I am looking forward to passing the time of day with a few other cyclists and pedestrians, and with a bit of luck there will be a handful of canoeists and boaters sharing the route as I pedal my way eastwards.
What is left of the Monklands Canal now terminates just north of Queen Street railway station. During the 19th century it was one of Scotland’s most important industrial arteries, bringing coal and iron ore up from the Clyde to Coatbridge and beyond before returning them as the finished article. These days it offers a pleasant commuting route into the centre of town, and it provides a superb wildlife corridor in a heavily built up environment. It is also a great place to fish, or moor your houseboat.

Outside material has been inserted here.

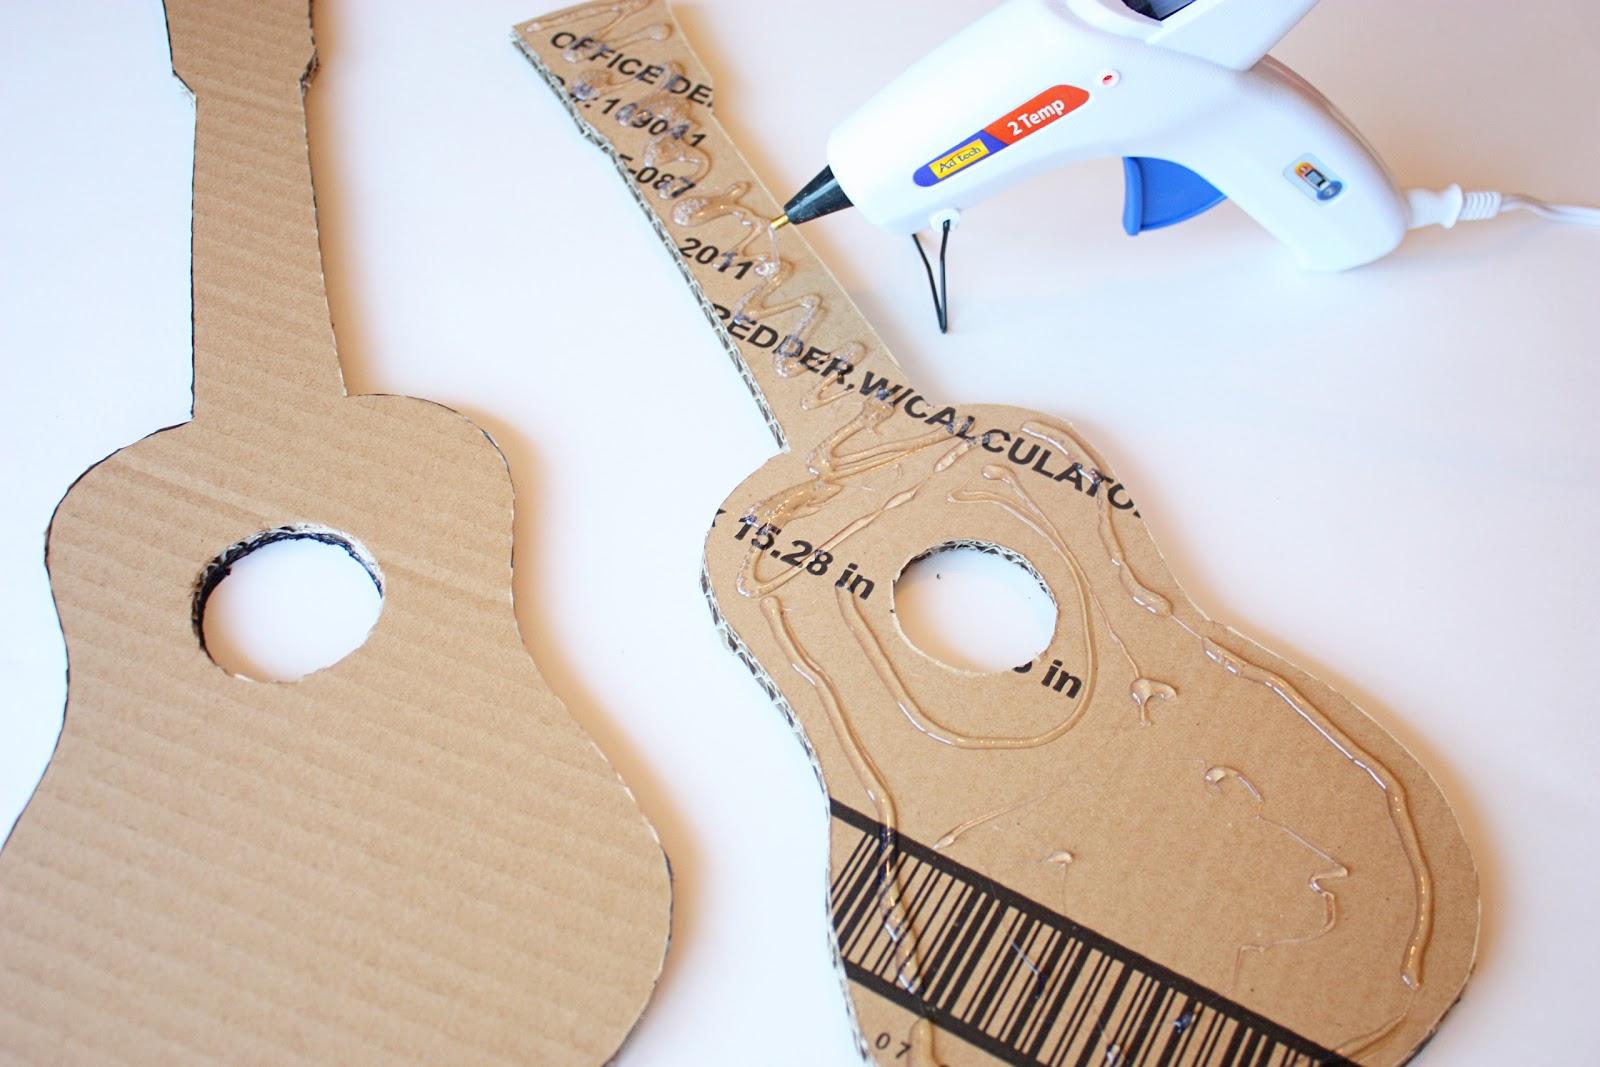 آموزش ساخت صندوقچه مقوایی Make Your Own Playable Cardboard Guitars Apartment Therapy

Having cycled a short distance west I will quickly reach the Forth & Clyde Canal, where I will turn right and begin the journey in earnest. Bishopbriggs, Kirkintilloch, Kilsyth and Cumbernauld. I will resist the temptation to stop for coffee and cake, instead pedalling on to the Falkirk Wheel where I will spoil myself at the newly refurbished café. Then another fork in the way, and a right turn towards Falkirk itself, then Linlithgow, Polmont and Broxburn before finally rolling into my destination just south of Haymarket station as darkness descends. 67 miles in total - pretty much all flat.
Scotland’s canals are one of our great national treasures. They belong to all of us, and they are managed on our behalf by a small public corporation called Scottish Canals. That organisation was created in 2012 when the Scottish part of what was then British Waterways was brought under Scottish control. The transformation that has occurred in the few years since then has been truly remarkable. Some of the changes have been conventional stuff - resurfaced towpaths, new moorings, additional houseboats, refurbished locks – but others have been truly innovative and inspirational.
Anyone passing junction six on the M9 cannot fail to notice the new piece of canal that now goes under the motorway, and the extraordinary piece of public art that is the Kelpies. Built by Scottish Canals and completed just over two years ago, they attracted over a million visitors in the first year and now enjoy global recognition. Pull in at the newly refurbished Falkirk Wheel, and you will find one of Scotland’s premier visitor destinations enjoying a renaissance that has boosted both visitor numbers and its financial fortunes.
Divert east to Edinburgh and you will find at Fountainbridge a vibrant mix of new residential flats, funky cafes and restaurants. A far cry from the place that so many of us remember from only a few years ago. Divert west and you can take in a spot of white water kayaking or wakeboarding at Pinkston Watersports Centre, or marvel at a remarkable initiative that will enable regeneration of a huge area to the north of Glasgow by using new “smart” technology to control the flow of surface water through the adjacent canal.
All of this is exciting, but it also has something quite profound to say about the future of this country. History has bequeathed to us an extraordinary array of infrastructure assets, a great many of which are publicly owned. Are we always making the most of them? Are we thinking innovatively enough about their contemporary relevance? Have we got the right people in the right places to realise this potential? Can we do more? Food for thought as I pedal along a piece of 18th century infrastructure that is addressing 21st century priorities.